◆ SOURCE MATERIAL

━━━

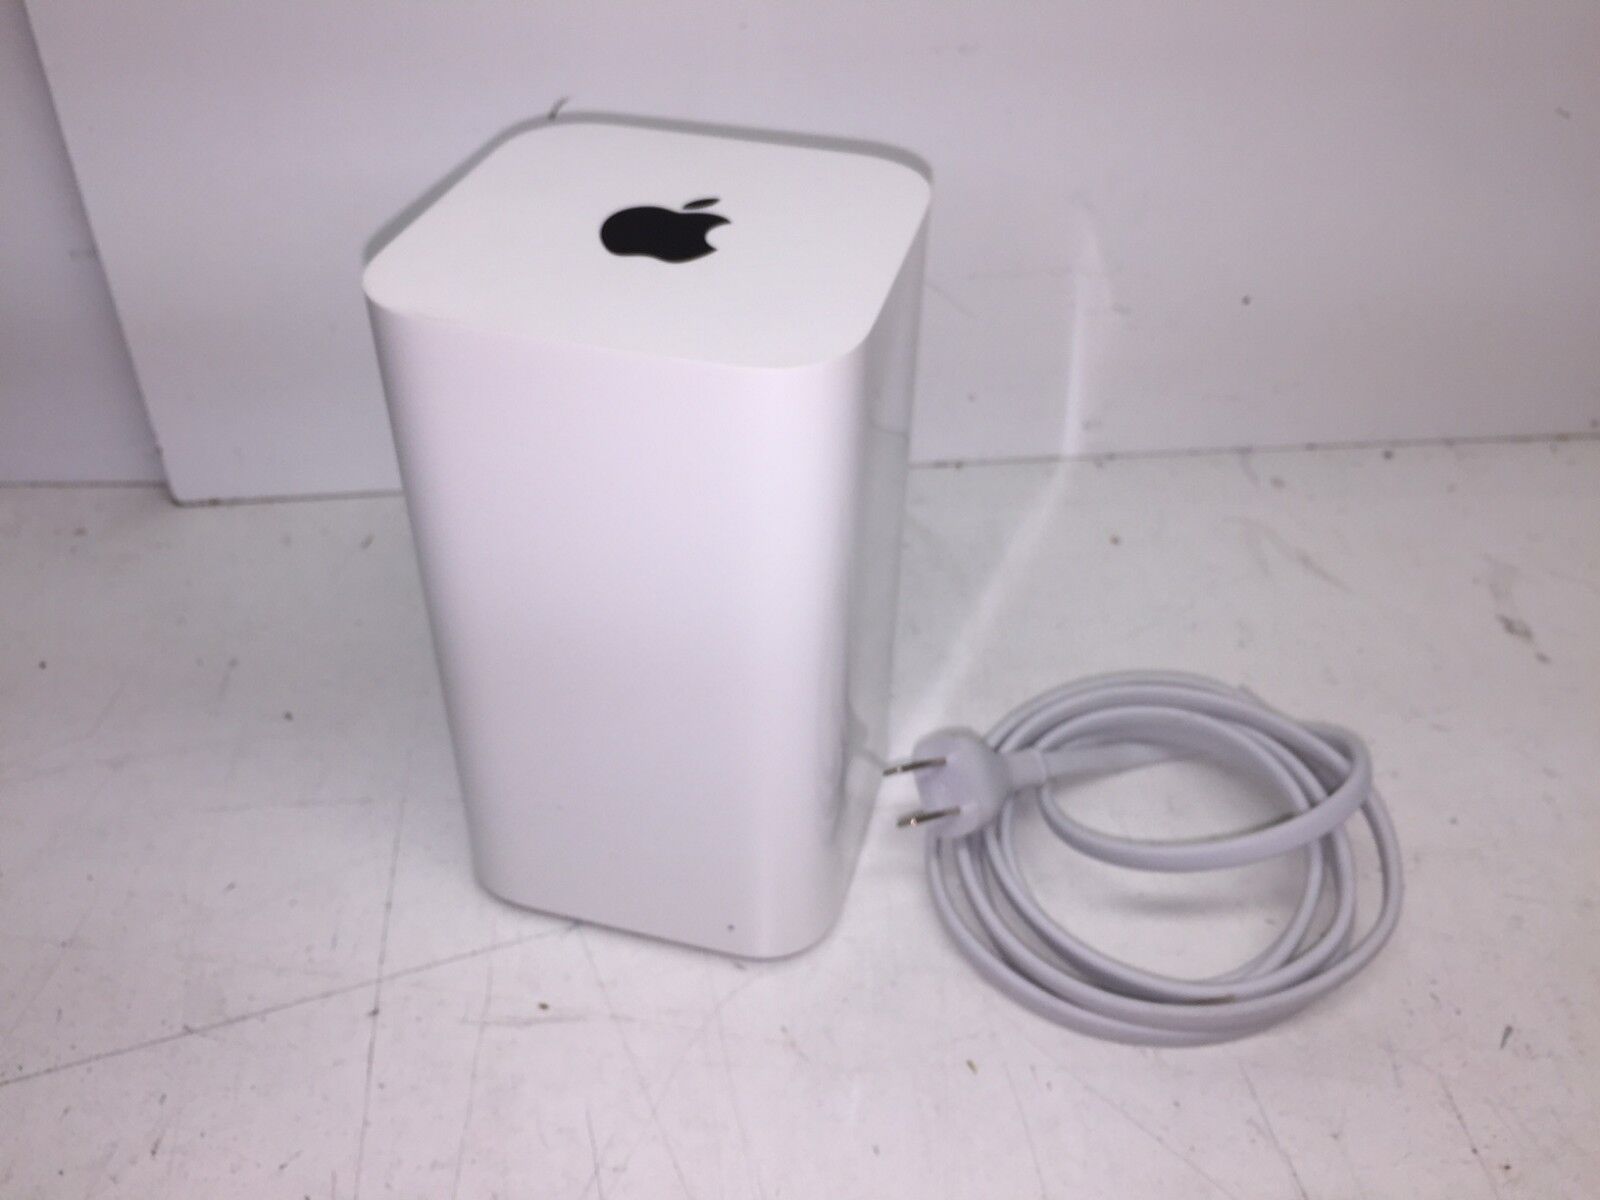 Apple Airport Time Capsule Model A1470 3TB Hard Drive WiFi w/Power Cord TESTED
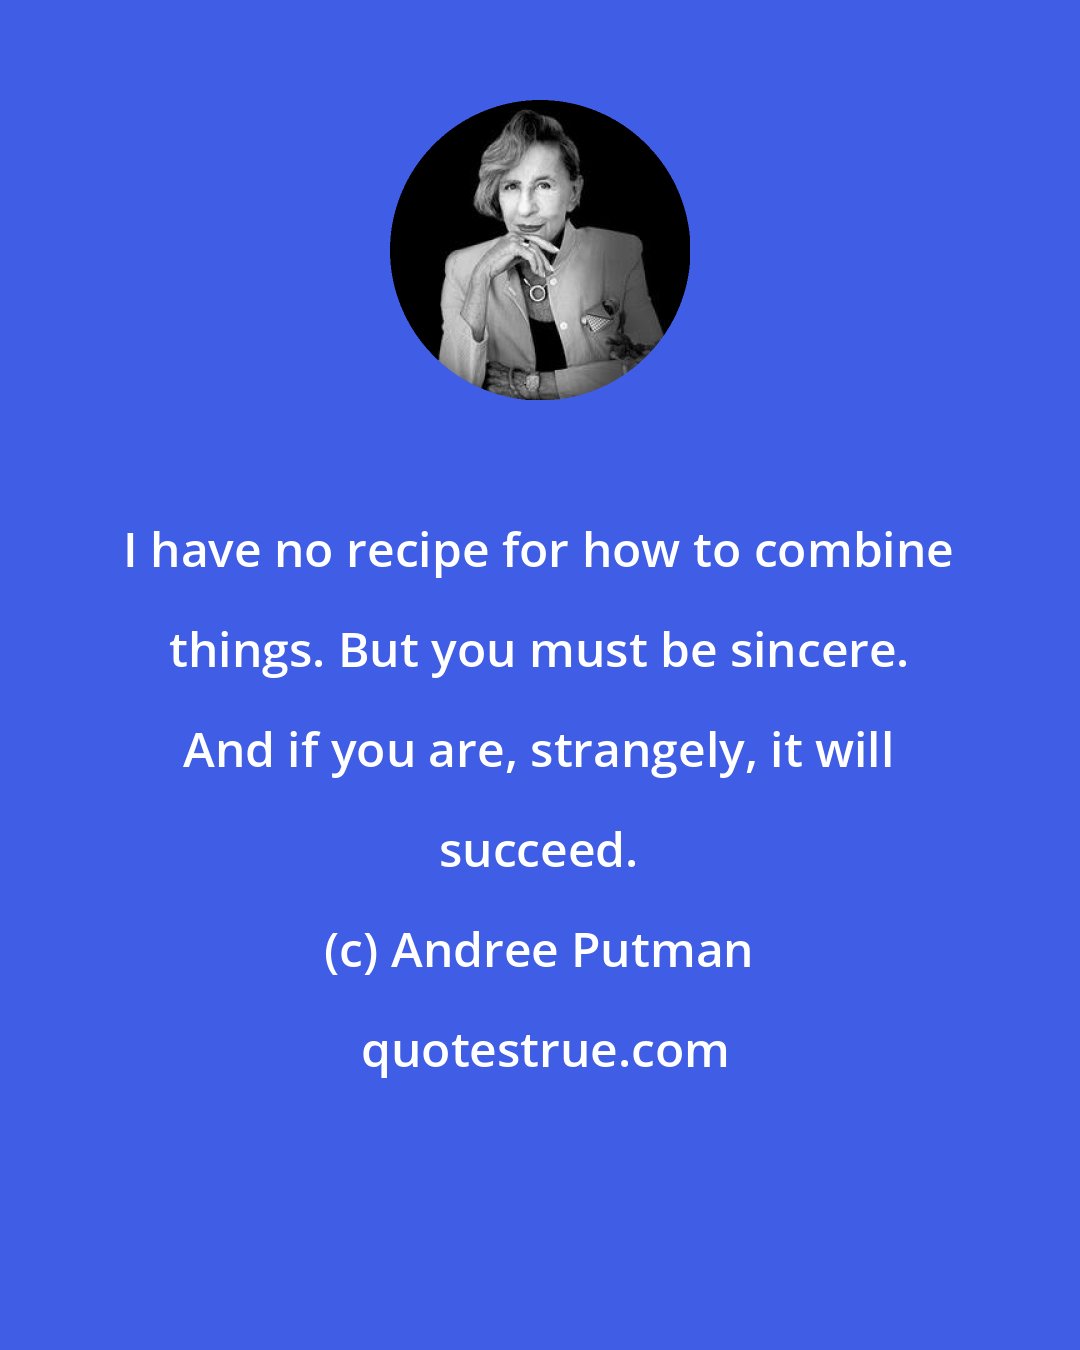 Andree Putman: I have no recipe for how to combine things. But you must be sincere. And if you are, strangely, it will succeed.
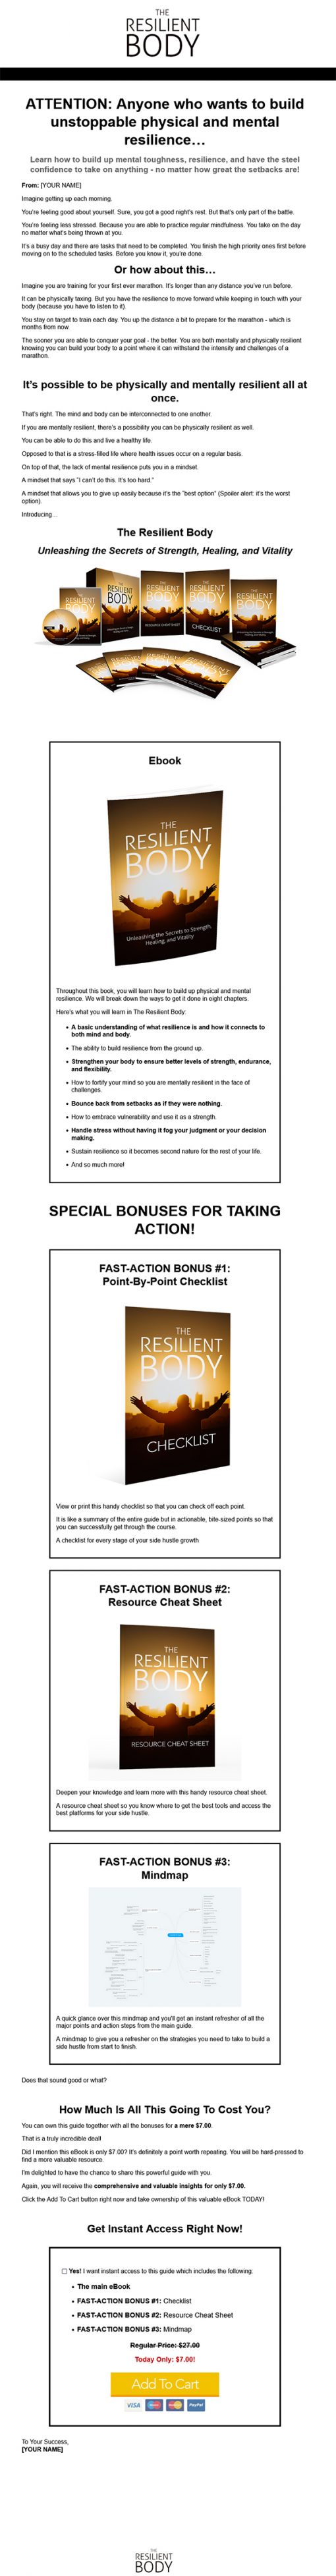 The Resilient Body Ebook and Videos MRR

━━━

◆ EXERCISE DETAILS
Give the listing again exactly, but omit each image.

◆ FINISHED TASK
 Apple Airport Time Capsule Model A1470 3TB Hard Drive WiFi w/Power Cord TESTED
 Andree Putman: I have no recipe for how to combine things. But you must be sincere. And if you are, strangely, it will succeed.
 The Resilient Body Ebook and Videos MRR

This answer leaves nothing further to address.